+++ Data records +++

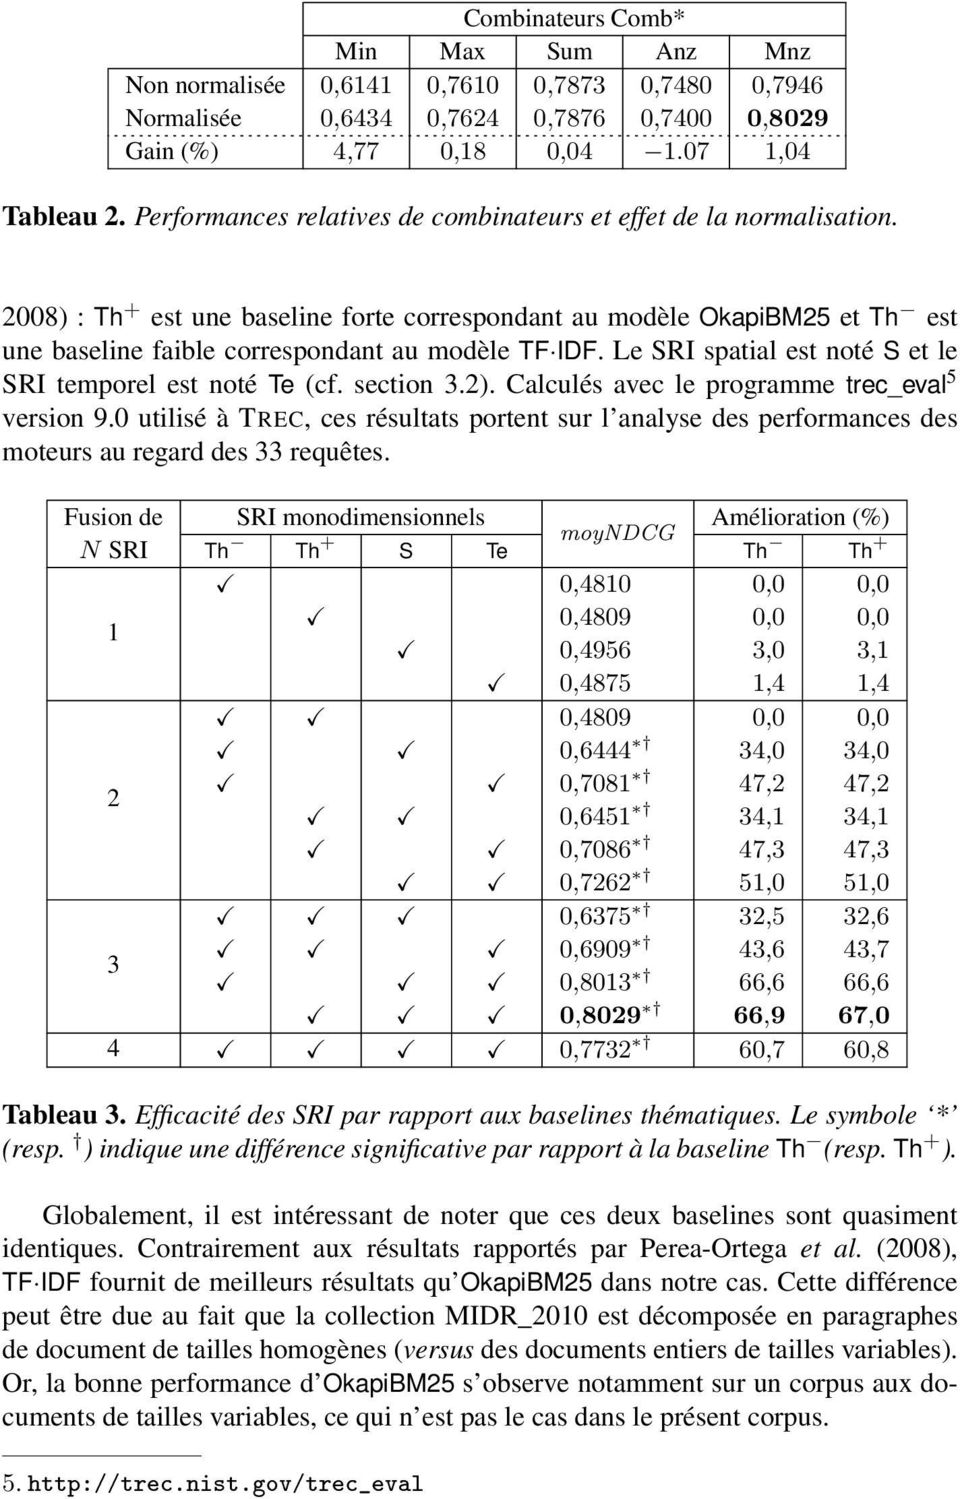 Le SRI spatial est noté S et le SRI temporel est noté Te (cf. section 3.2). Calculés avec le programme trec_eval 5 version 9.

+++
+++ Data records +++

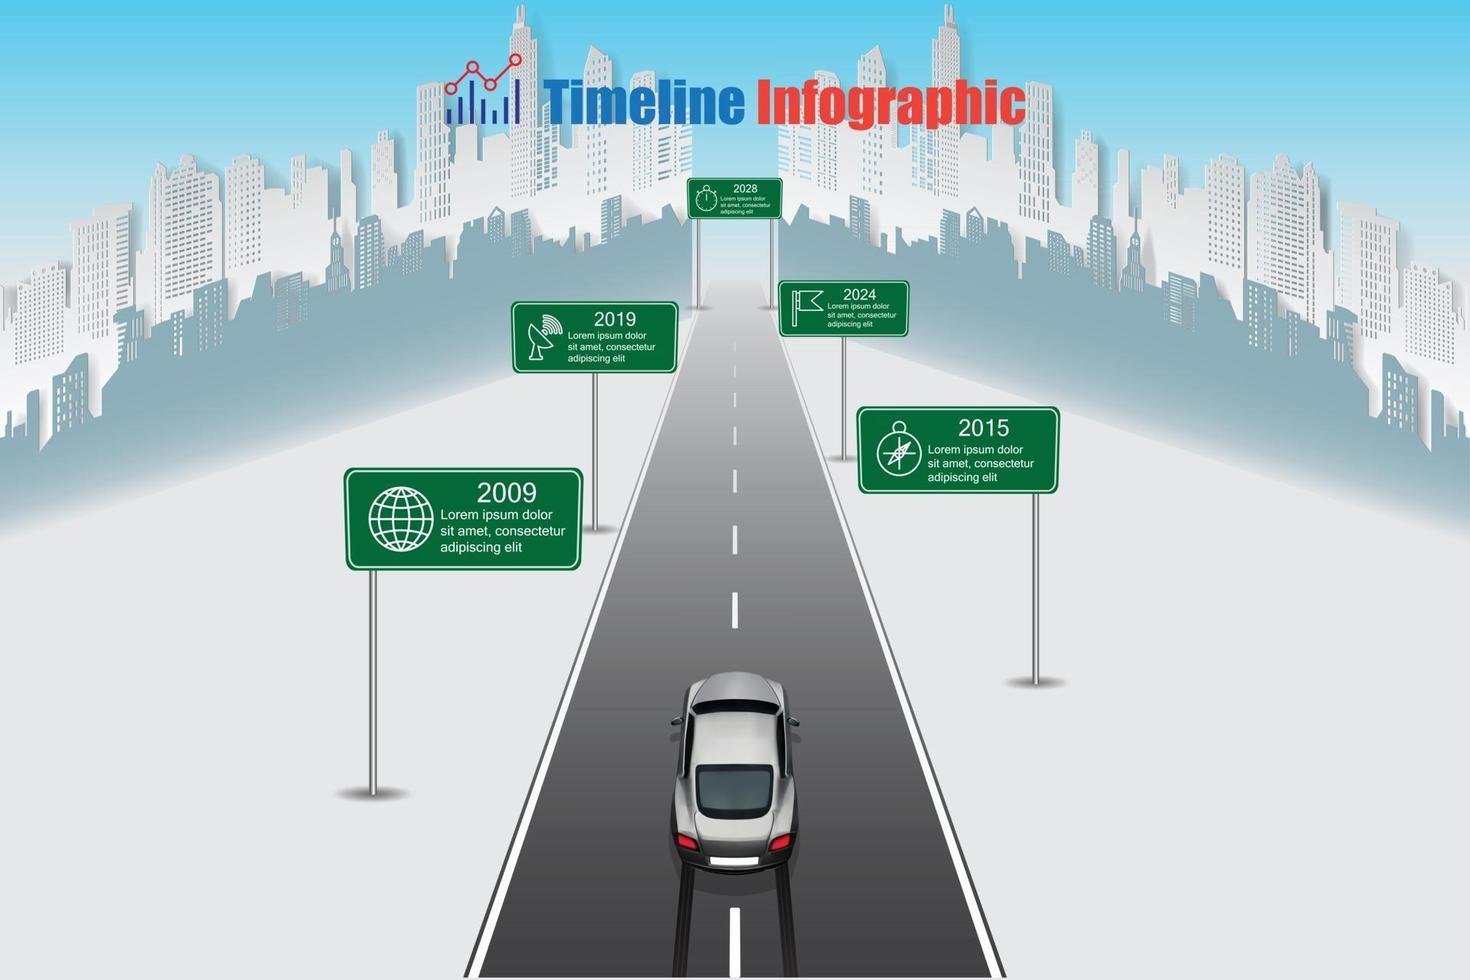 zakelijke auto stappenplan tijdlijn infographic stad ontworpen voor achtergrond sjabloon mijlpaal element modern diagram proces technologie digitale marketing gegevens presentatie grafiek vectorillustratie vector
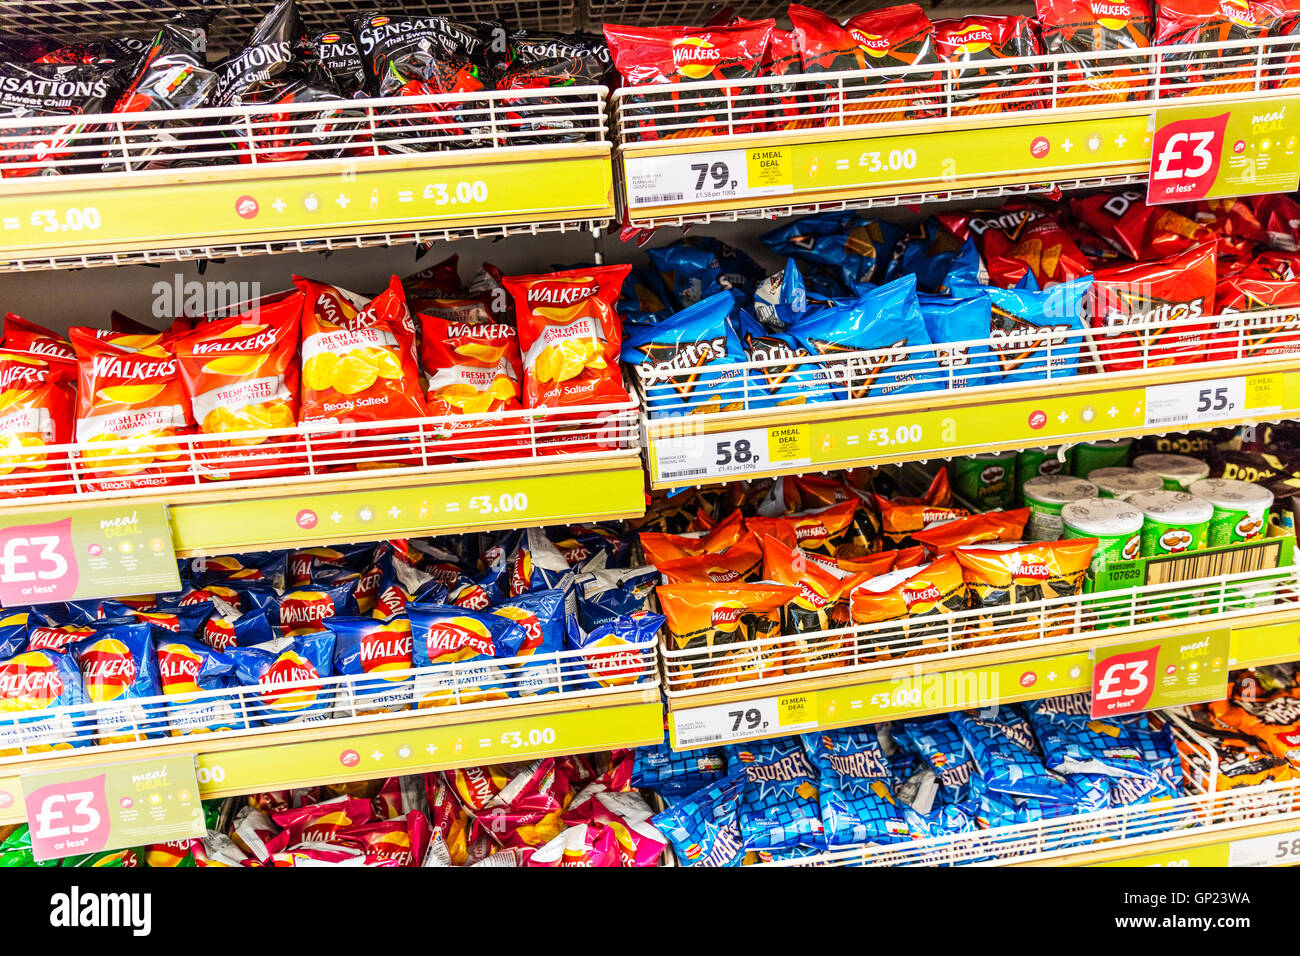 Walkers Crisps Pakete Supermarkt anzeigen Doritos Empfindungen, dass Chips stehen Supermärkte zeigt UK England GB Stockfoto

+++

» **Problem statement**: Using the entries above, transcribe every line from the line containing "zakelijke auto stappenplan" through the line containing "Walkers Crisps Pakete". Do not copy pictures.

» **Finished task**:
 zakelijke auto stappenplan tijdlijn infographic stad ontworpen voor achtergrond sjabloon mijlpaal element modern diagram proces technologie digitale marketing gegevens presentatie grafiek vectorillustratie vector
 Walkers Crisps Pakete Supermarkt anzeigen Doritos Empfindungen, dass Chips stehen Supermärkte zeigt UK England GB Stockfoto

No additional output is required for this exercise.